MONTPELIER, Vt. — A federal judge on Monday said he would not order Vermont’s only nuclear plant to remain open while a lawsuit to determine its long-term future plays out.
The state is moving to close the Vermont Yankee plant, with both the governor and the state Senate on record as wanting it to close when its initial 40-year license expires next March.
The plant’s owner, New Orleans-based Entergy Corp., got a 20-year license extension for Vermont Yankee from the federal Nuclear Regulatory Commission and filed a lawsuit arguing that the federal action pre-empts the state’s effort to close the plant.
Last month, Entergy went to court asking for a preliminary order allowing it to stay open while the underlying lawsuit works its way through the courts - possibly all the way to the U.S. Supreme Court.
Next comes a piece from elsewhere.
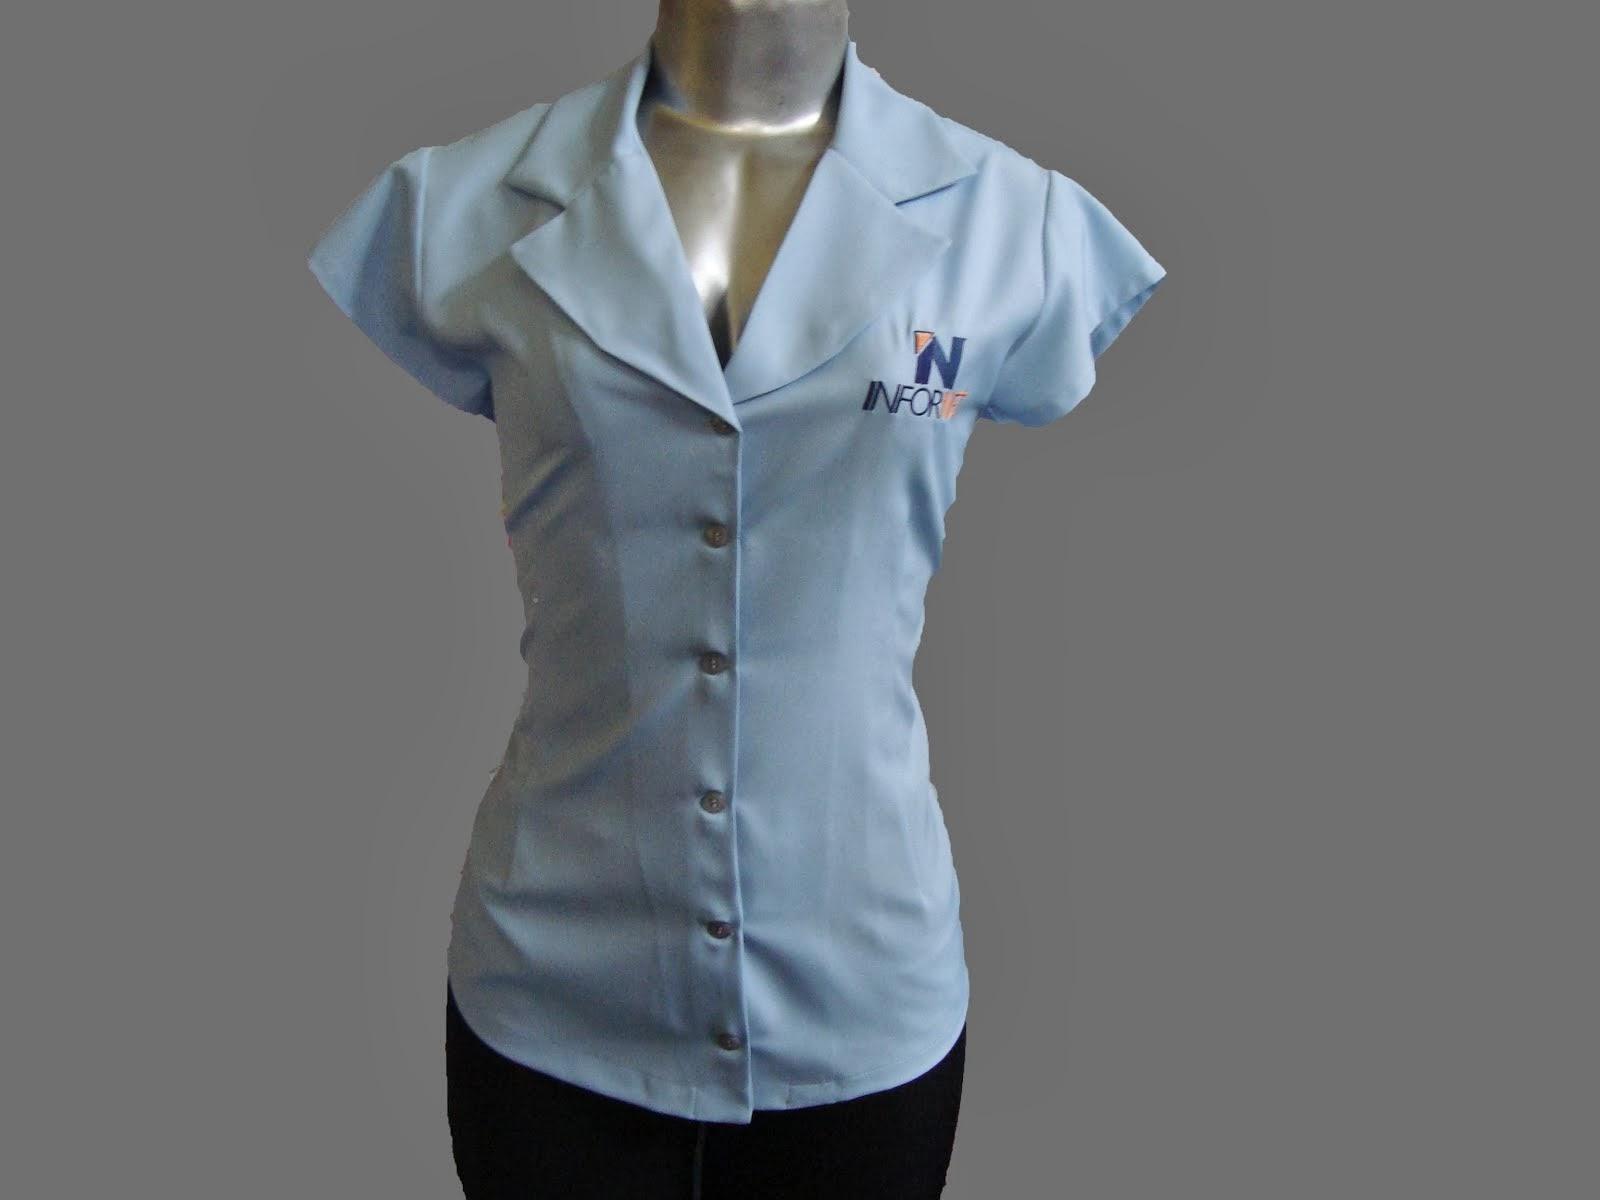 uniforme Infornet

In Monday’s order, Judge J. Garvan Murtha said there was no need for such an order because the main trial in the case is scheduled in mid-September, only eight weeks away.
“The motion is denied, because Entergy has failed to show that any irreparable harm it may incur between now and a decision on the merits” of its lawsuit, Judge Murtha wrote.
During two days of hearings in late June, Entergy lawyers and witnesses told Judge Murtha that they needed a decision on the preliminary injunction by July 23 so the company could order the specially fabricated nuclear fuel it needs to load into the reactor core during a refueling outage set for October.
Vermont Yankee, a 605-megawatt reactor in Vernon in the state’s southeast corner, faces the expiration of its initial 40-year federal license on March 21.
A year to the day before that date, the NRC granted the company’s request for a 20-year license extension. Vermont state law, however, requires that any electrical generator in the state get a state certificate of public good. Vermont Yankee’s existing state certificate also expires in March.
Normally, the state’s three-member utility commission, called the Public Service Board, decides whether to issue the certificate. But in 2006, the state Legislature passed a law - the state maintains it had Entergy’s blessing - making Vermont the only state in the country in which both the state House and Senate have to vote their approval before the Public Service Board could issue a new certificate to a nuclear plant.
The state Senate voted 26-4 last year against Vermont Yankee getting a new certificate of public good. The House has not voted on the question, but since the 2006 law requires a yes vote from both houses before the board can issue a new certificate, inaction has the same effect as a no vote.